Умер один сенатор в Гатчине от крупозного воспаления легких. Не буду его называть, потому что, несмотря на свои 62 года и на свое огромное влияние в делах, он "имени векам не передал". Поучение для всех, кто помышляет, будто его сегодняшнее влияние в обществе что-нибудь означает. И я хочу только сказать, что у этого человека были все права для того, чтобы думать, что он составляет заметную, важную единицу.
Это был высокий и худощавый человек, напоминавший журавля, -- с бритым лицом бюрократического типа и черными (крашеными) волосами, гладко зачесанными назад. Он был энергичным спорщиком. Его участие в деле всегда подзадоривало состязающихся. Кажется, он стоял по преимуществу за формы, за "нормы" и за порядок. Но иногда его чиновничья голова упрямилась в другую сторону, и тогда он подбирал доказательства для своего нового взгляда -- настаивал и побеждал других. Его приход в Сенат при слушании серьезного дела всегда производил впечатление -- и он это чувствовал. Самодовольный и стройный, он бодро проходил мимо адвокатов, надевал за перегородкой мундир со звездами и удалялся в "присутствие". В минуты доклада и совещания очень часто и весьма многие сердца тревожно бились из-за этого влиятельного юриста. Его случайные гримасы принимались за предсказание; его улыбка или отрицательное помахивание головой (он часто себя не сдерживал) толковались на все лады. Он был -- сила. После объявления резолюции его провожали обрадованные или разочарованные взоры. Каждый сознавал, что так или иначе он был одною из главных причин состоявшегося решения. Сенатский паркет и бархатные кресла -- при освещении солнца или при электрических лампочках Эдисона -- как-то важно обрамляли эту фигуру и придавали ей значение истинной власти.

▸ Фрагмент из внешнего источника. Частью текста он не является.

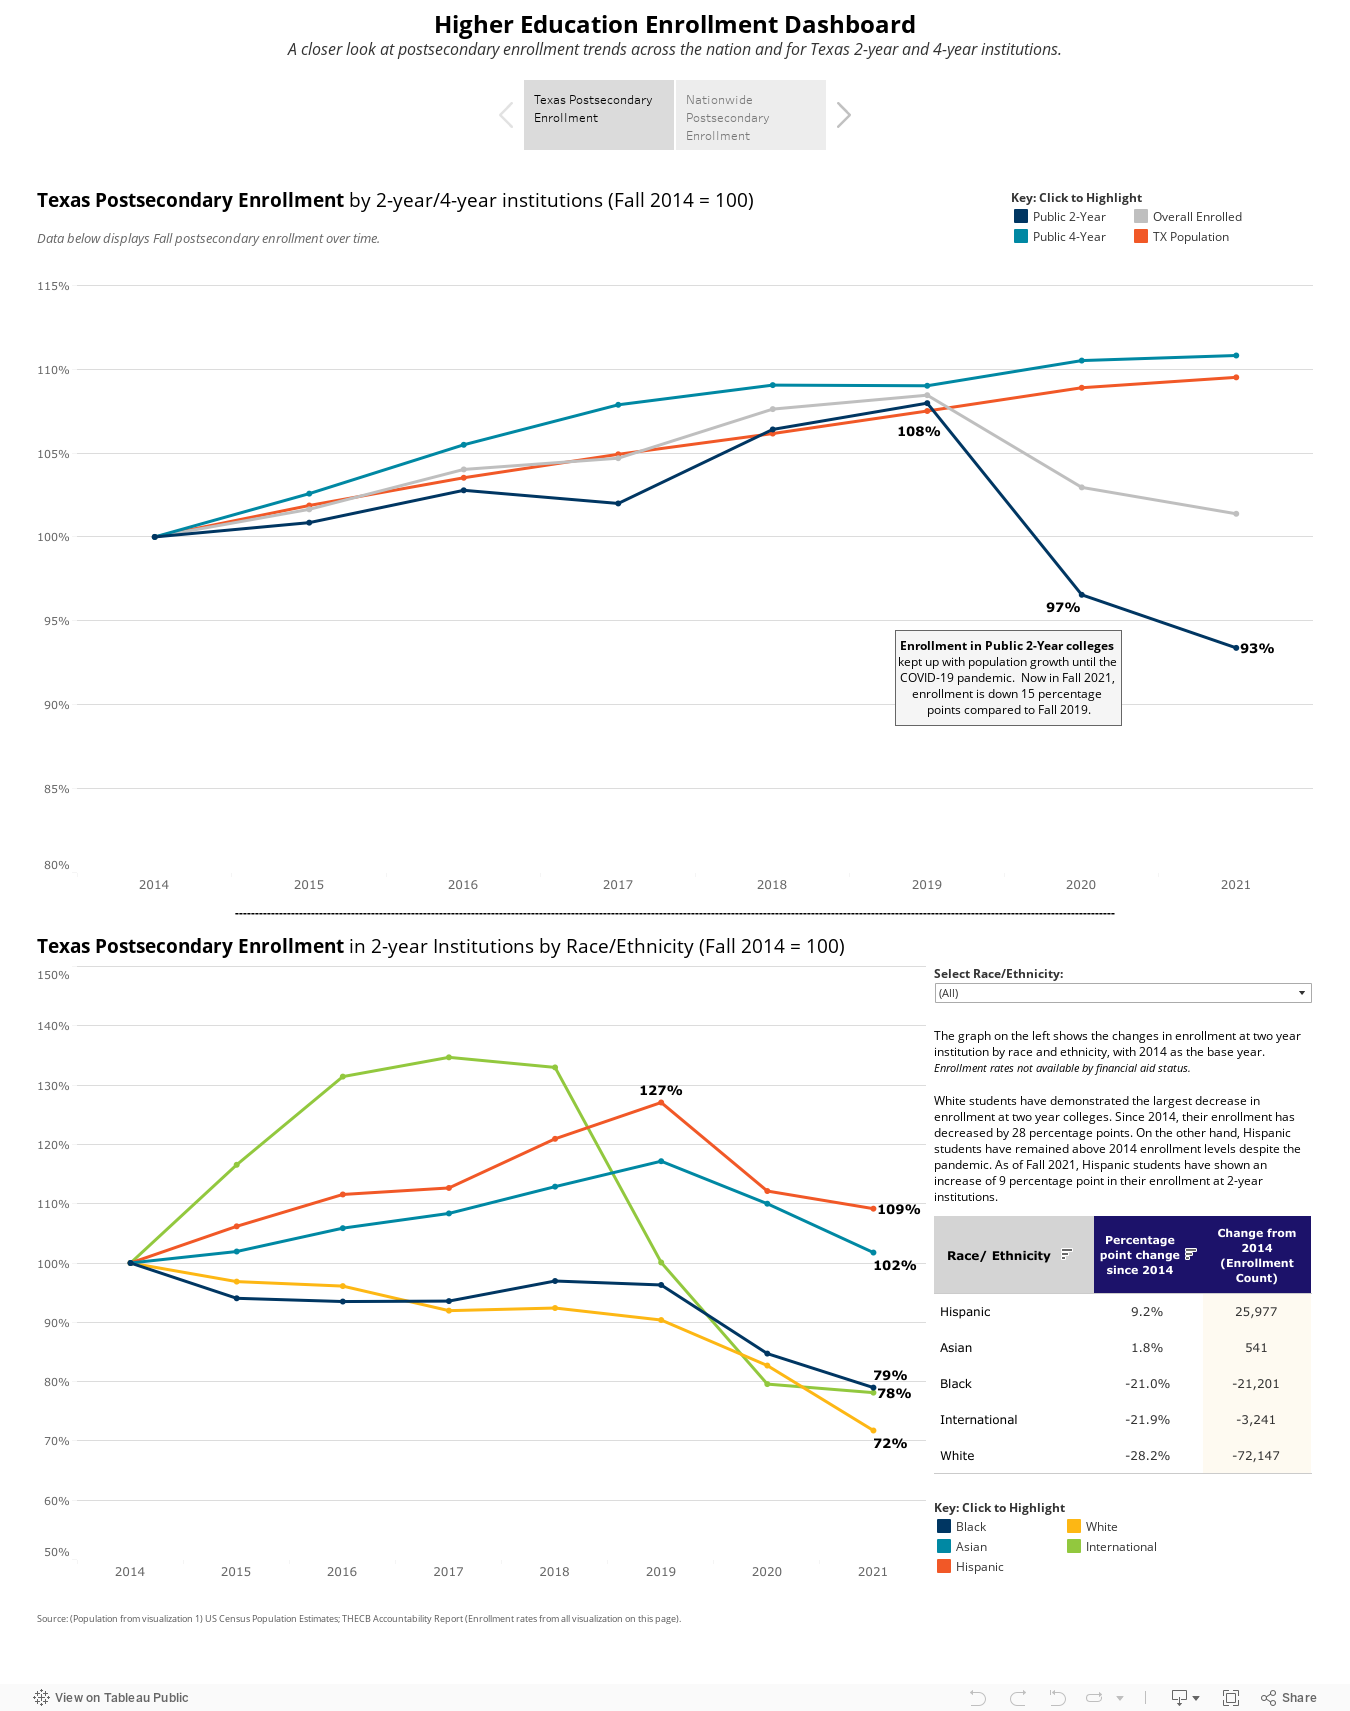 Higher Education Enrollment DashboardA closer look at postsecondary enrollment trends across the nation and for Texas 2-year and 4-year institutions.

Он вел очень гигиеническую жизнь; его можно было встретить в числе ранних пешеходов; он гулял по целым часам в сравнительно легкой по сезону одежде и казалось, что ему удалось найти эликсир вечной молодости.
И вот он умер летом от простуды, в самом гигиеническом пункте для грудных заболеваний, в Гатчине, -- и умер в такую глухую пору, что почти некому было явиться на его погребение. К началу сенатских занятий все привыкнут к его смерти. Он ушел совершенно бесследно.